"Then what do you think they will do with me?"

"Wait, and find out!" returned the soldier roughly, and the mountebank spoke no more for some time; held his head lower, until, regarding him, his guardian must needs laugh. "Here's a craven-hearted fellow! Well, if you really want to know, they'll probably lock you up for the night with the rest of rag-tag," indicating the other prisoners, a short distance ahead, "in the cellar, or almonry, or auberge des voleurs; and in the morning, if you're lucky and the Governor has time to attend to such as you, it may be you'll escape with a few stripes and a warning."

"The auberge des voleurs!—the thieves' inn!" said the man. "What is that?"
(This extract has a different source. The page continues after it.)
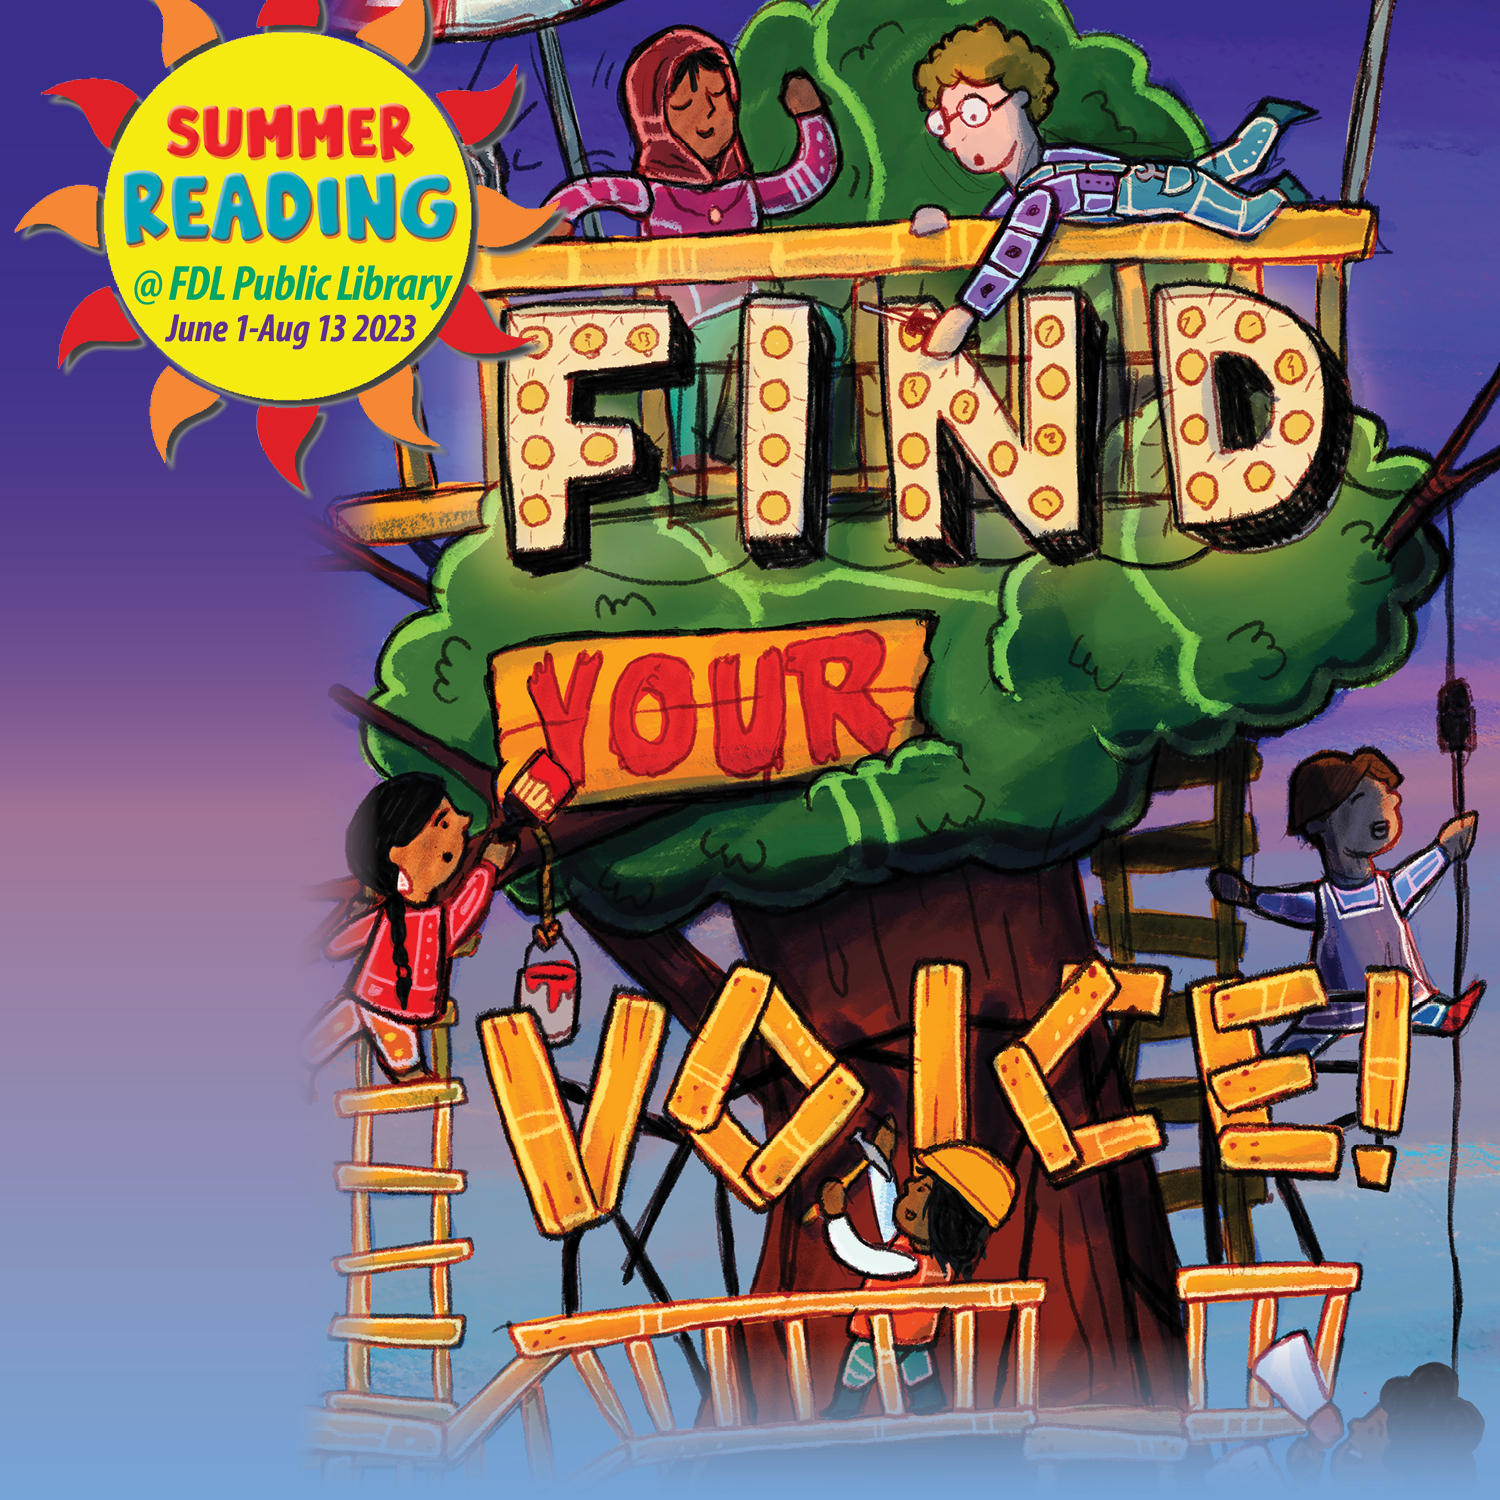 Find Your Voice with the FDL Public Library as Summer Reading begins

"Bah! You want to know too much! If now your legs only moved as fast as your tongue—" And the speaker completed the sentence with a significant jog on the other's shoulder. Whereupon the mountebank quickened his footsteps, once more ceased his questioning. It was the soldier who had not yet spoken, but who had been pondering a good deal on the way up, who next broke the silence.
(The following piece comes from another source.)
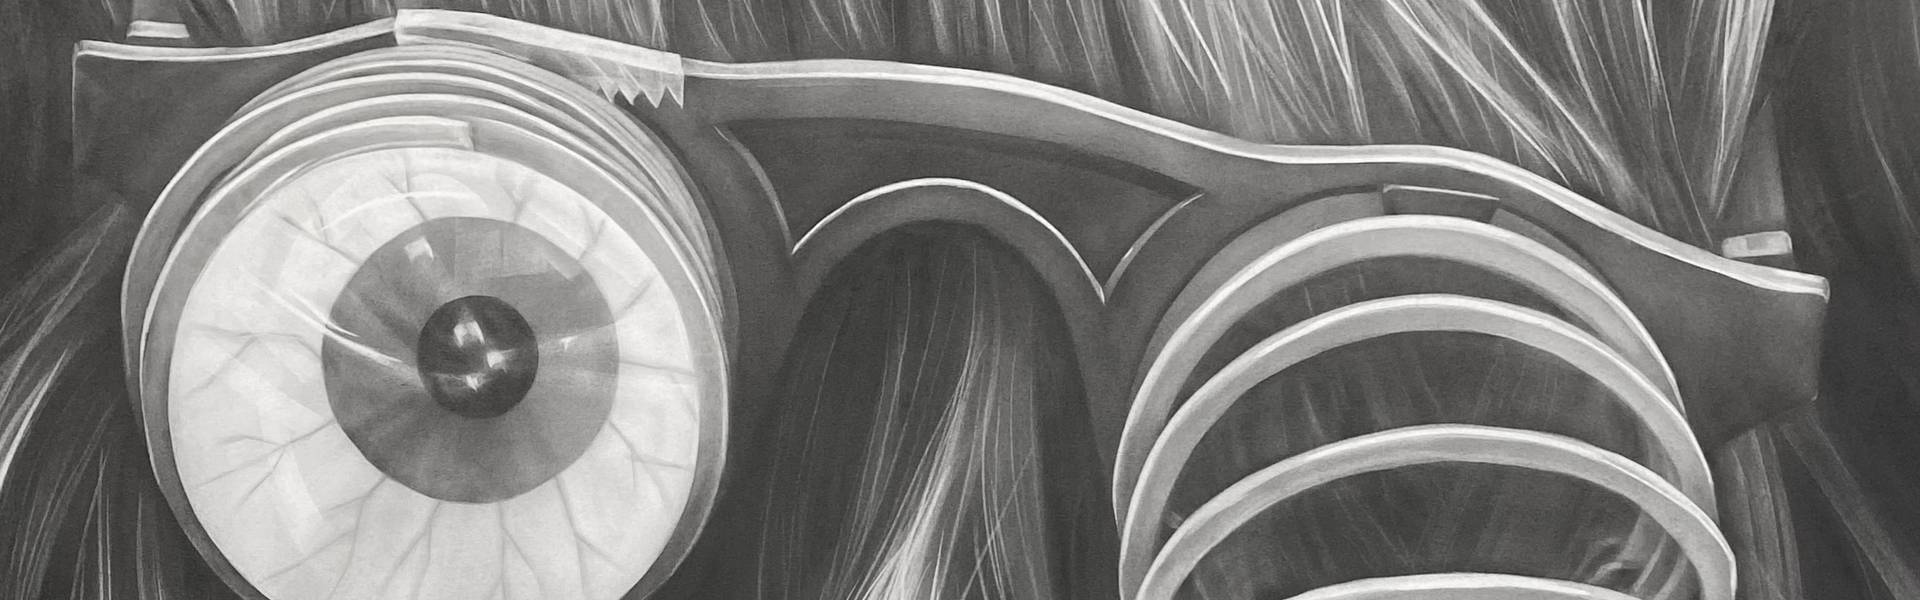 Graphite drawing showing the back of a woman's hair with toy googly eye glasses.

"How did it end, Monsieur Mountebank?—the scene with the devil, I mean."

The man who had begun to breathe hard, as one not accustomed to climbing, or wearied by a long pilgrimage to the Mount, at the question ventured to stop and rest, with a hand on the granite balustrade of the little platform they had just reached. "In the death of the peasant, and a comic chorus of frogs," he answered.
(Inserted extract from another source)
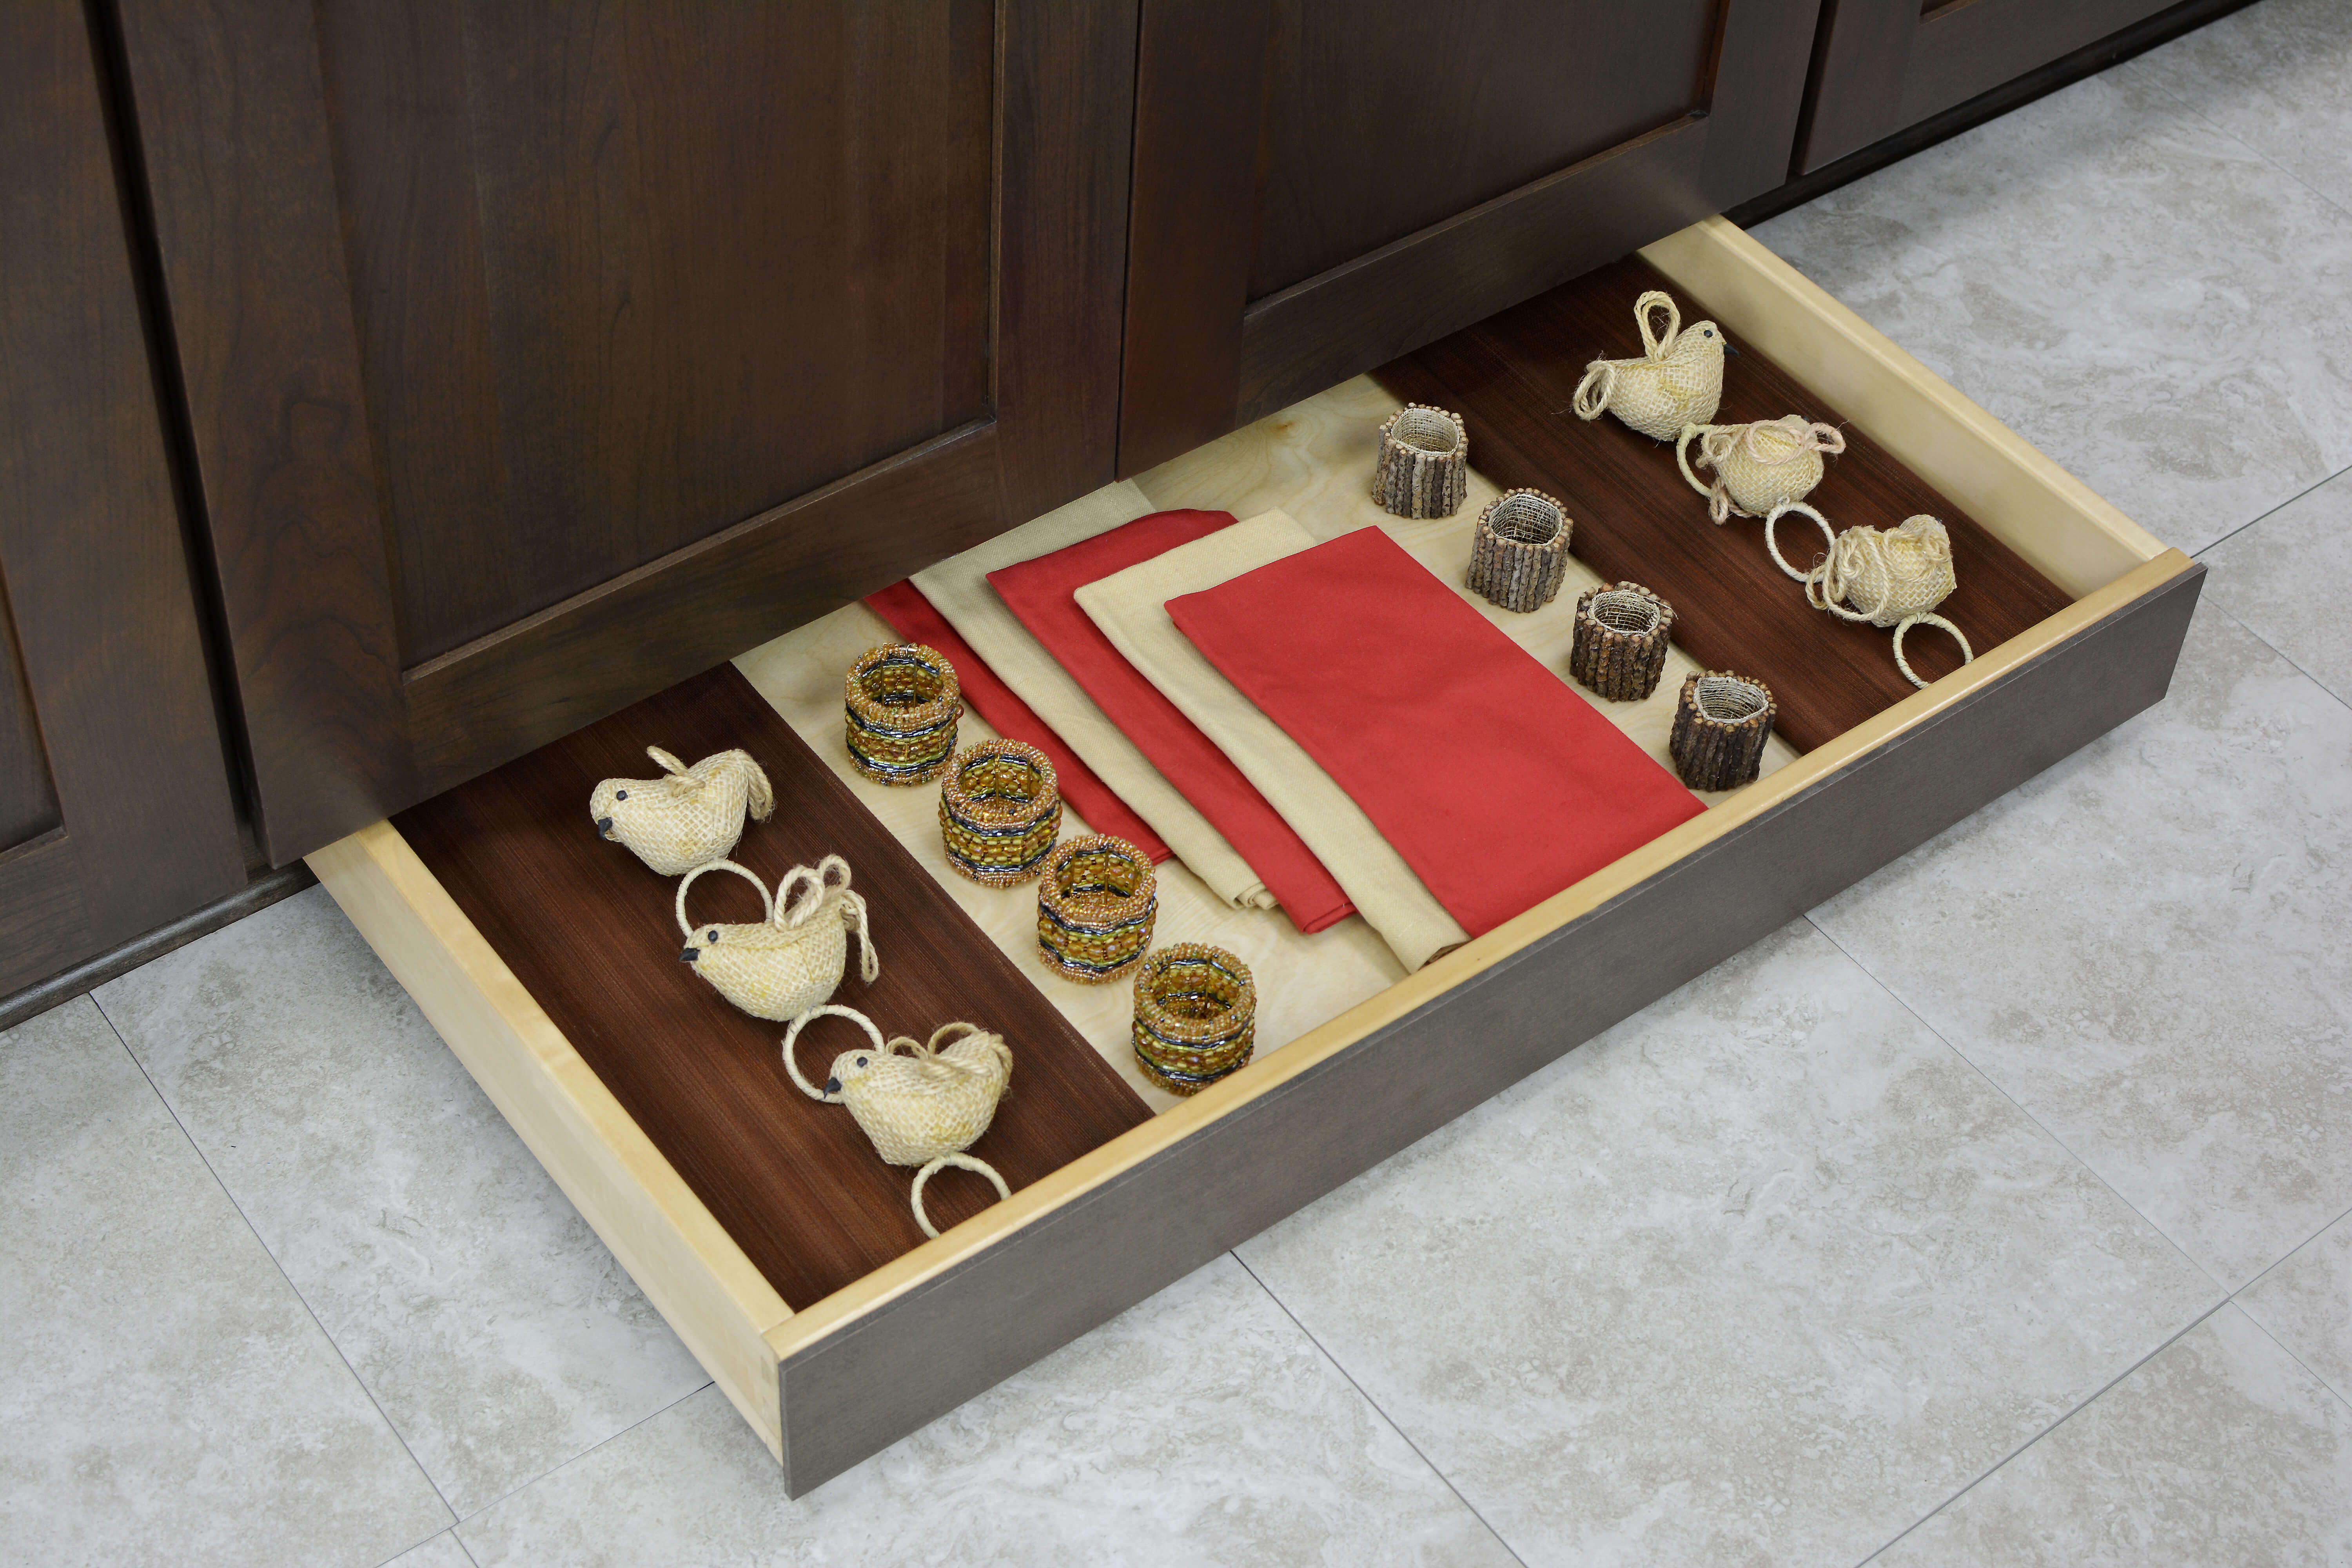 A hidden toe kick drawer with extra storage for seasonal napkins and tableware.

"A comic chorus!" said the soldier. "That must be very amusing."

"It is," the mountebank said, at the same time studying, from where he stood, different parts of the Mount with cautious, sidelong looks; "but my poor frogs!—all torn! trampled!"

"Well, well!" said the other not unkindly. "You can mend them when you get out."

"'When!' If I only knew when that would be! What if I should have to stay here like some of the others?—pour être oublié!—to be forgotten?"